Otherwise, I have a normal day today. I will say that I am feeling the itch to date very badly. I want to just be out there on a date with a guy. I was telling a friend that I haven't be without a guy for this long since I was 14. My normal was I would date a guy for two weeks, then we would break up and I wouldn't date another guy for 6 months so it isn't like I went from guy to guy, but I have been separated from almost 2 years and haven't had even been semi with H in a year so it has been a while. I don't feel any romantic feelings for H anymore. I care about him and still get upset about the lying and cheating just because it hurts, but not because I want to still be with him. I just think it is stupid to keep lying about everything even when I caught. Just live a life free of lies, and I mostly hate it because his lying affects S. Me...not so much. I will still have my sad days, but mostly because I miss my friend who does not exist anymore. He was my best friend and I miss that person. So anyway I am ready to get out there...I just wish there were guys around here who were available and not so young. I know when the time is right.

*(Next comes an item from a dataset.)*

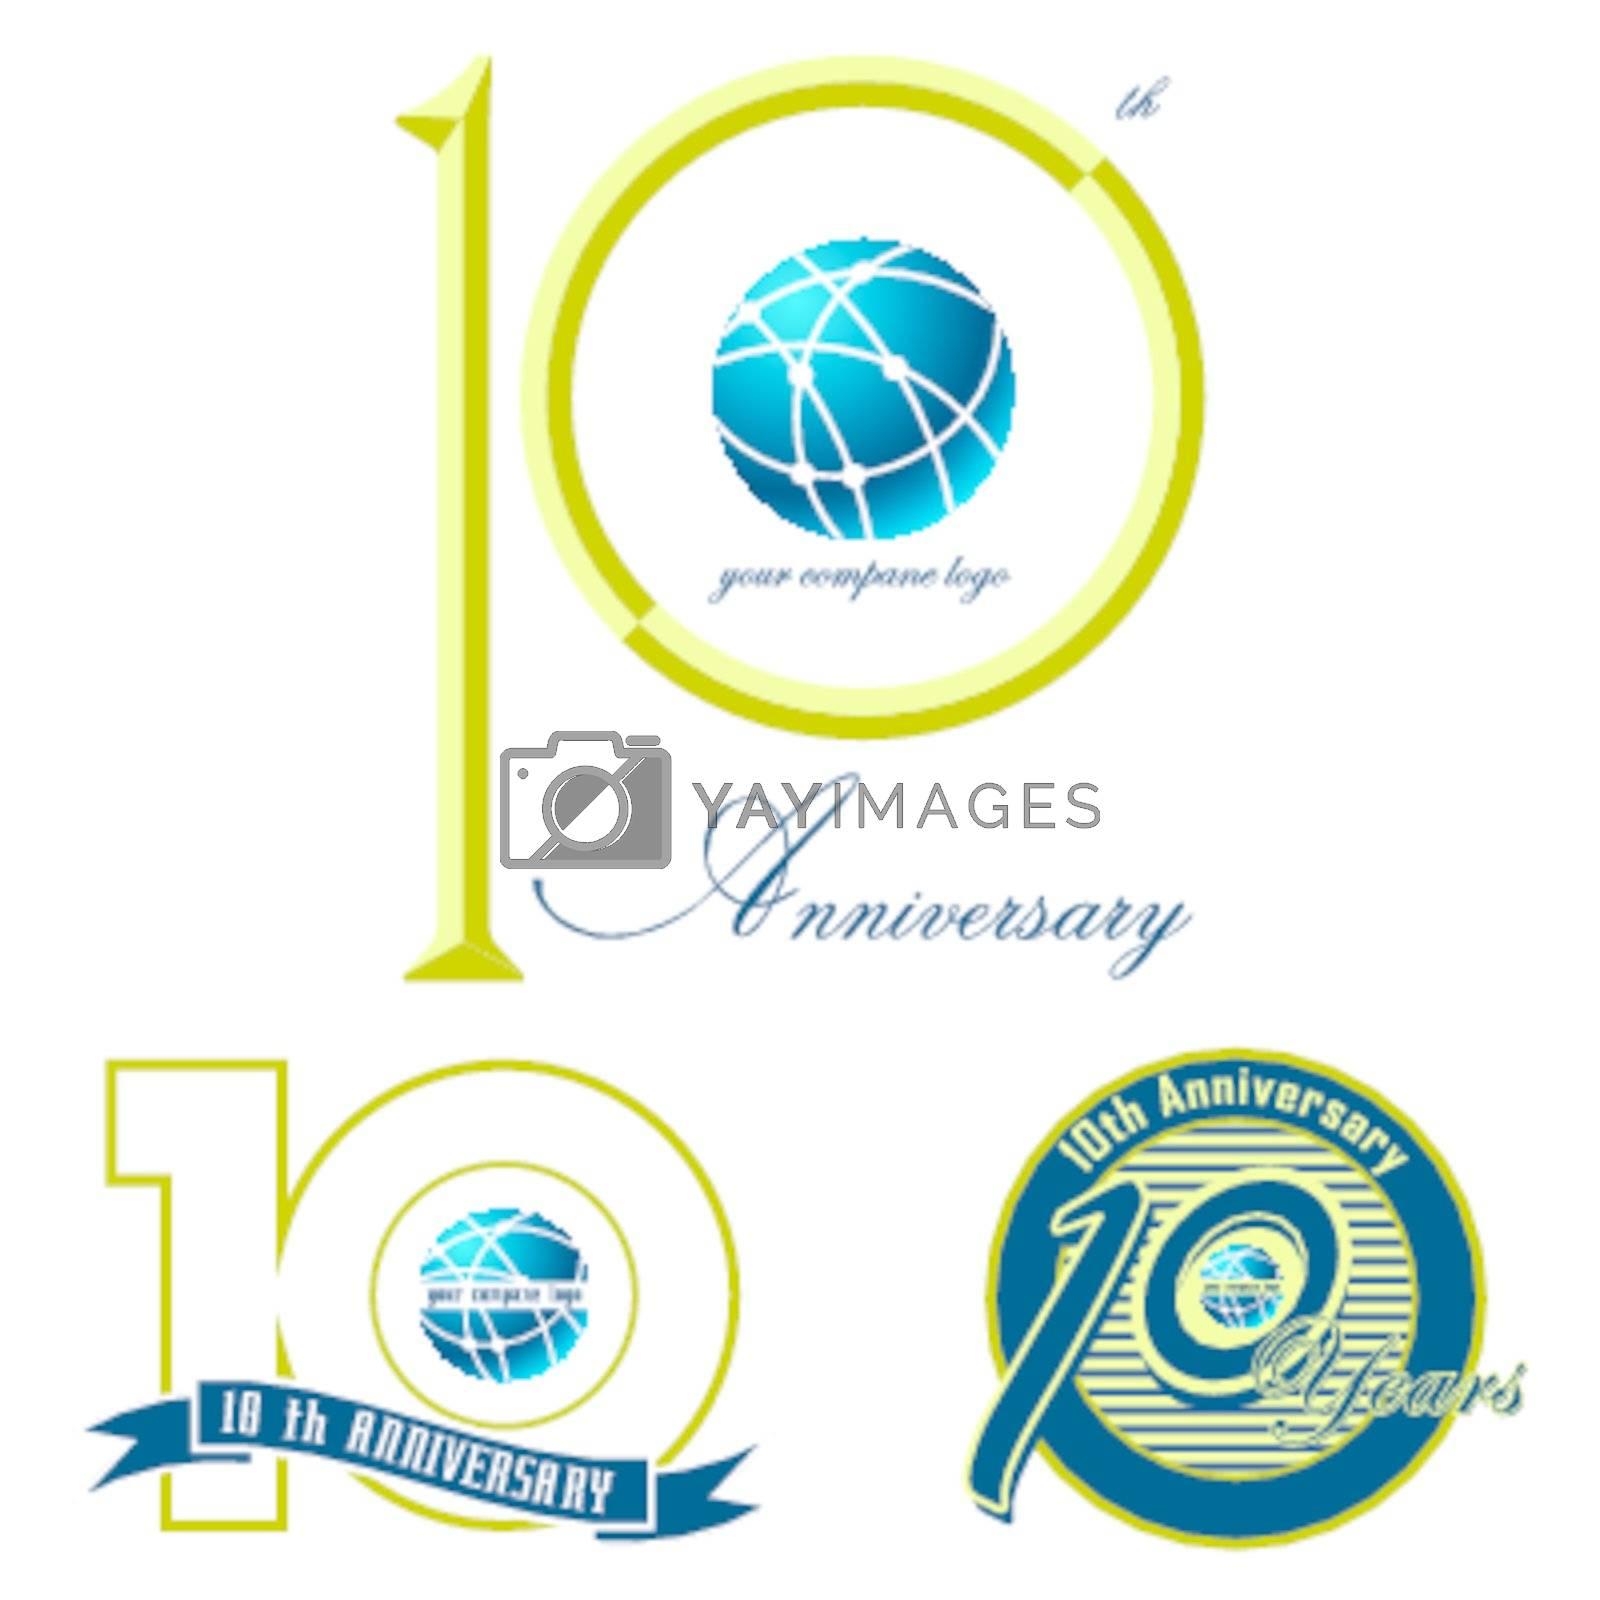 set of 10th anniversary mark illustration design on white

Me29 S3 H left 4/1/09 I file 8/2/10 Divorce final 5/17/11 1st http://www.tinyurl.com/25lhu52 2nd http://www.tinyurl.com/2c35ueg 3rd http://www.tinyurl.com/322yk89
I forgot to put that after H had S this last time, S has not slept well. S has night terrors and even wakes up with tears flowing down his face. I don't know why or what is going on, but he is upset about something and just doesn't know how to say it. He is happy to leave with H and super happy to come home, but I don't know what is going on with him after and while there to make him so upset. Hopefully it will calm down soon.